───── SOURCE MATERIAL

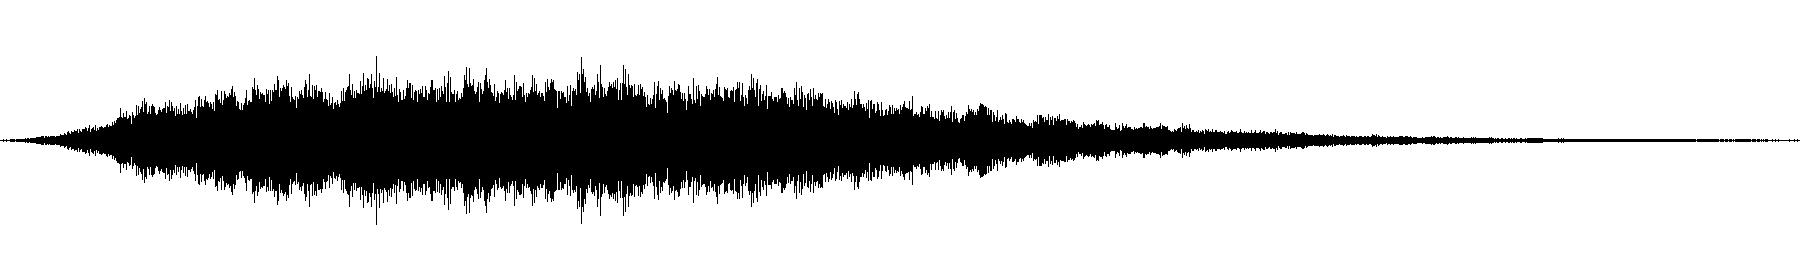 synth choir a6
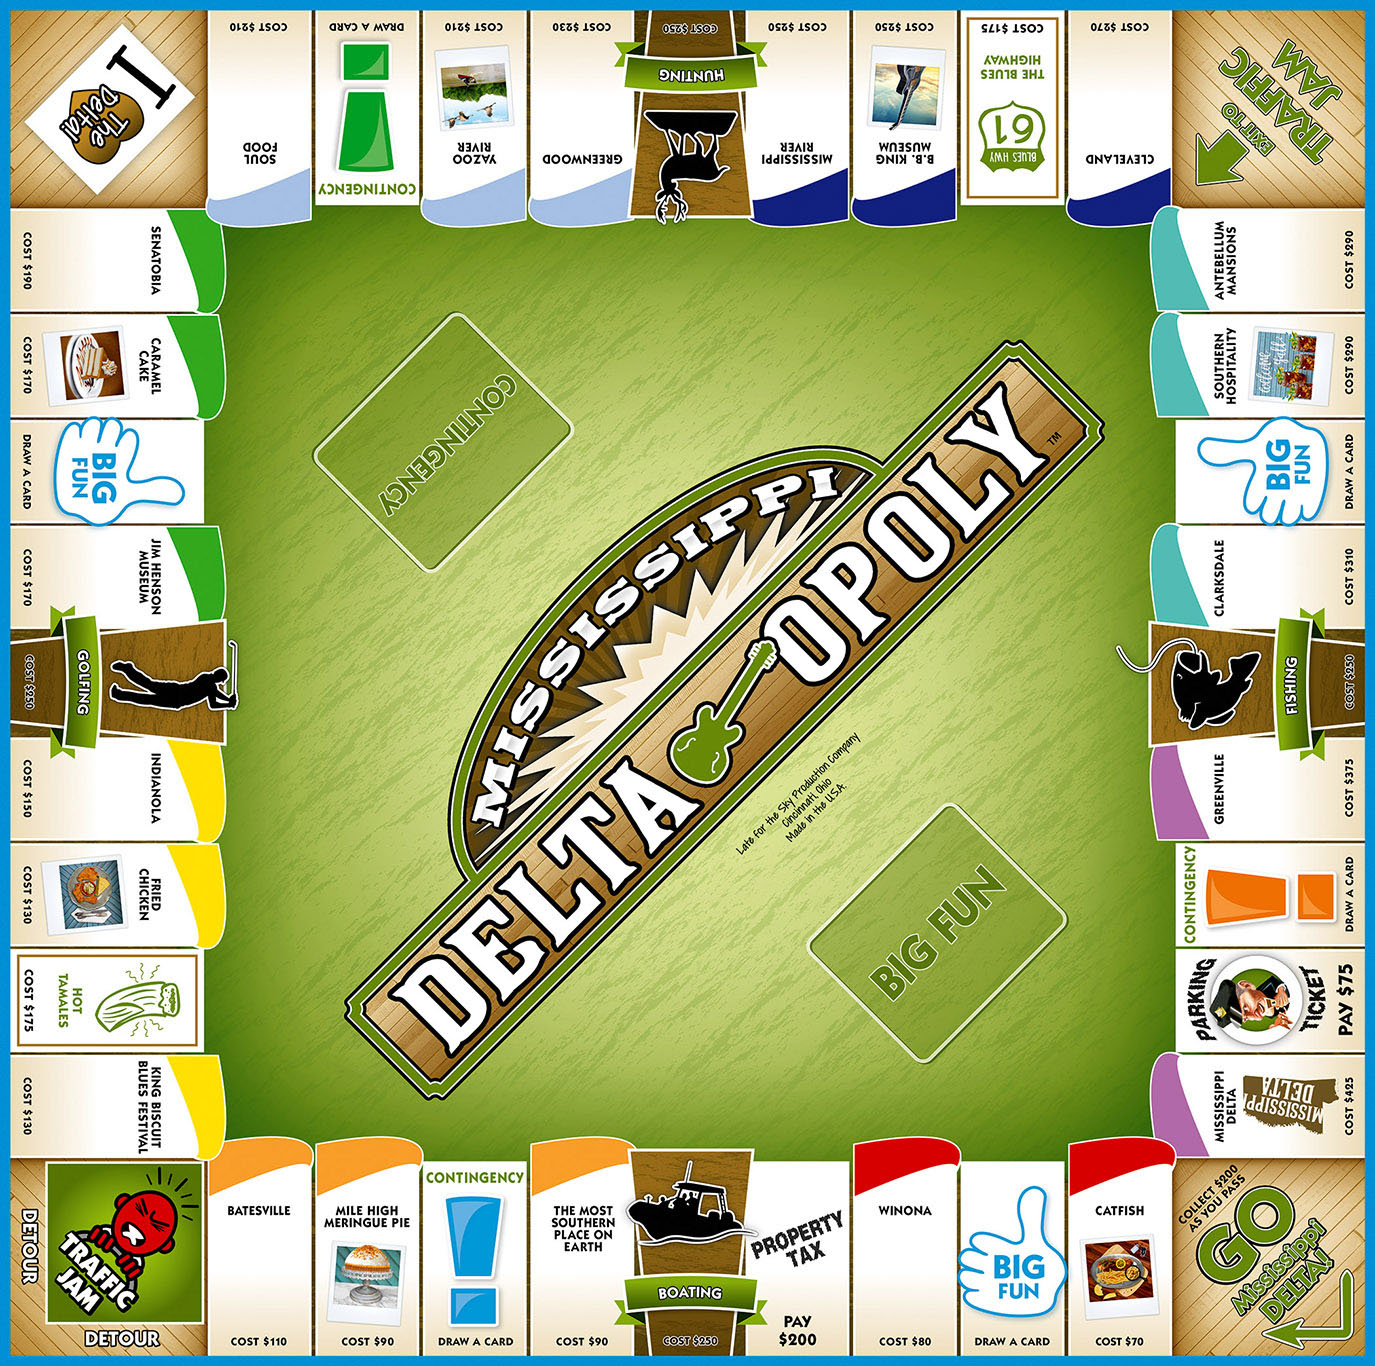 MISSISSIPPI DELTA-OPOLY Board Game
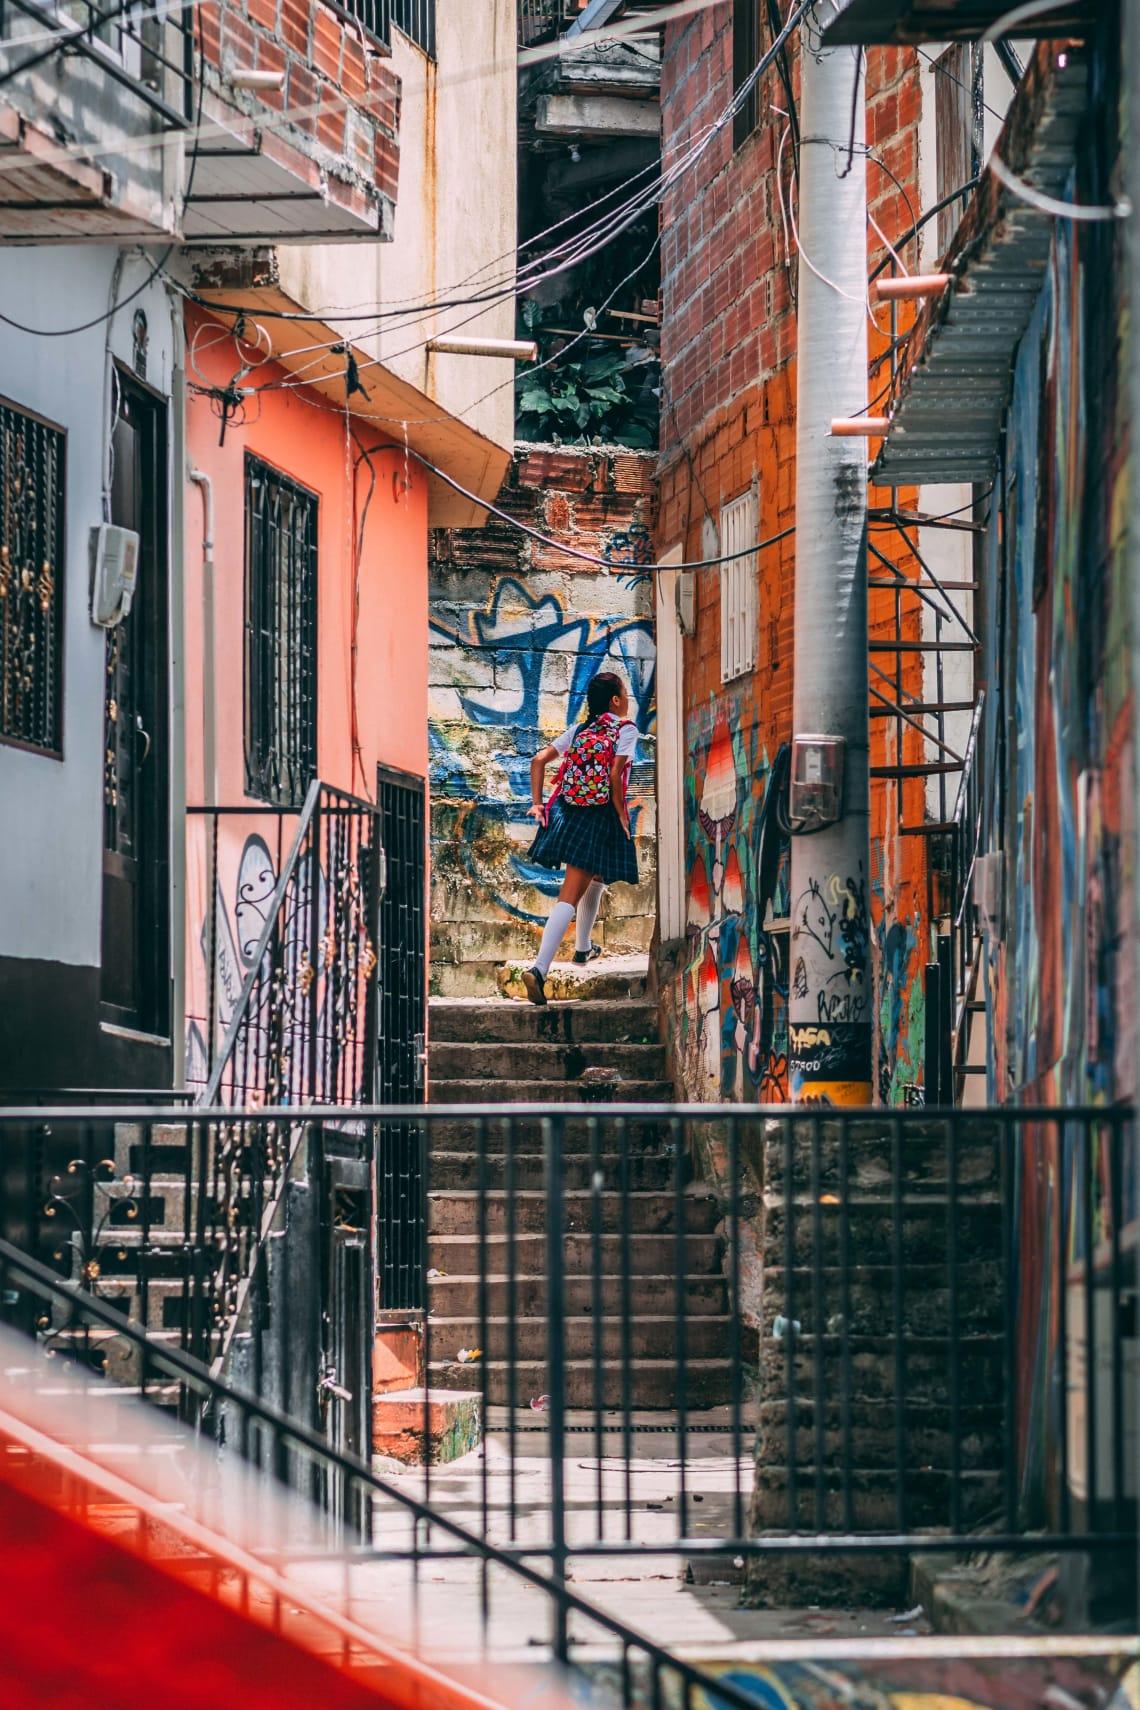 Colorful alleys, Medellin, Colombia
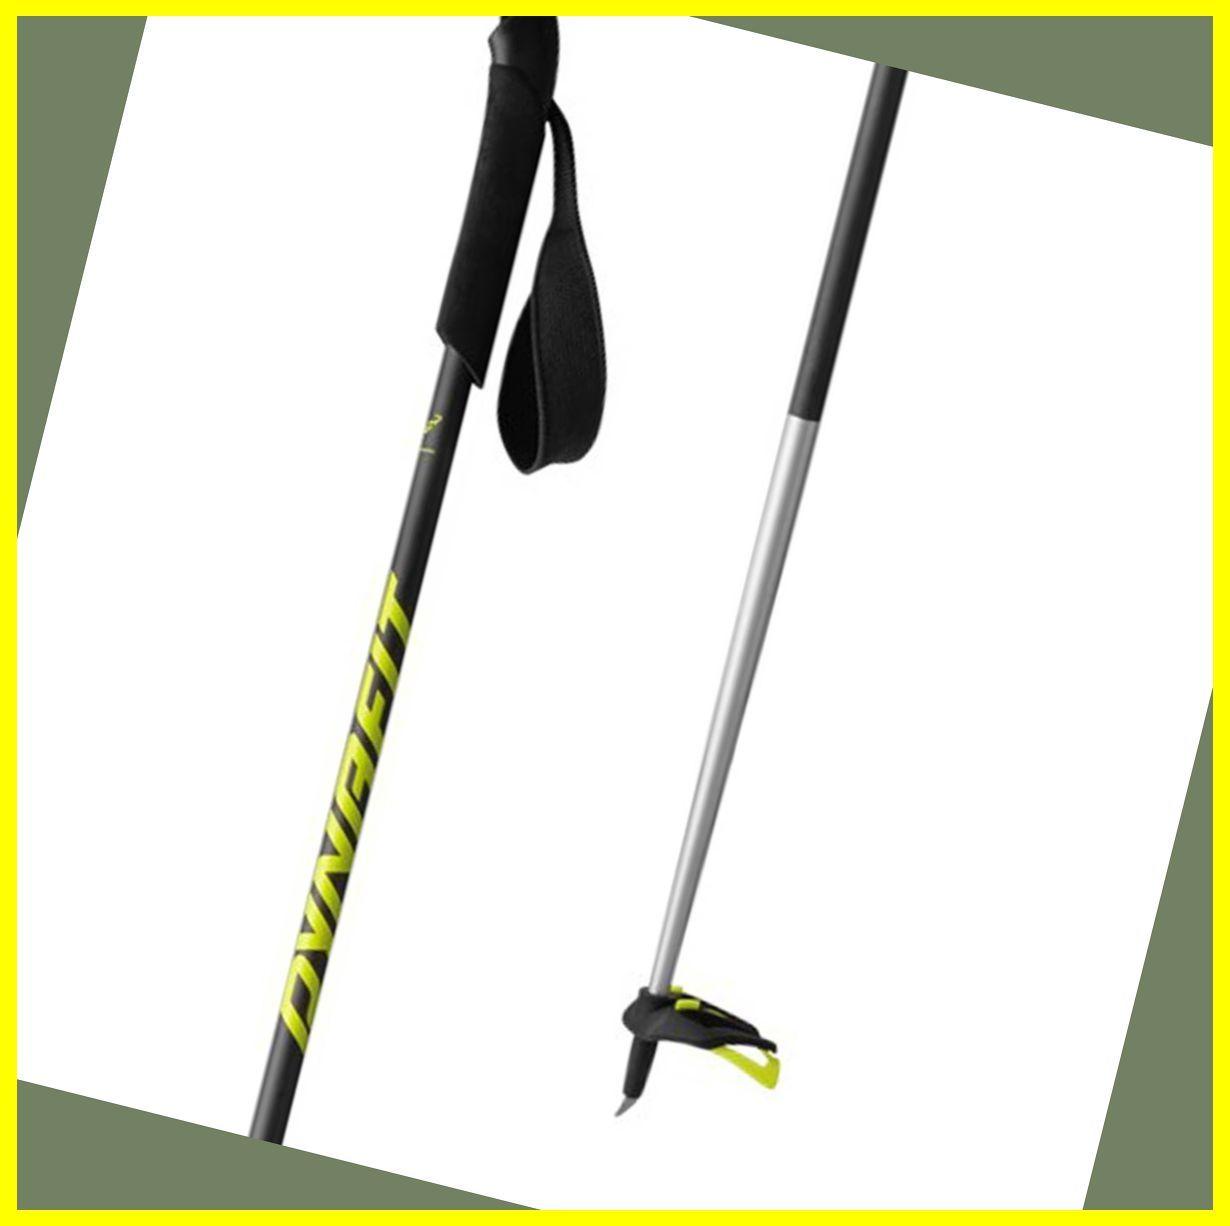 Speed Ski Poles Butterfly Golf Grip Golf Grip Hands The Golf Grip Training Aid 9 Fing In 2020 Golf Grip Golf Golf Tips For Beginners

──────────

Exclude the images and output the lines above exactly.

• _RESPONSE AREA_:
 synth choir a6
 MISSISSIPPI DELTA-OPOLY Board Game
 Colorful alleys, Medellin, Colombia
 Speed Ski Poles Butterfly Golf Grip Golf Grip Hands The Golf Grip Training Aid 9 Fing In 2020 Golf Grip Golf Golf Tips For Beginners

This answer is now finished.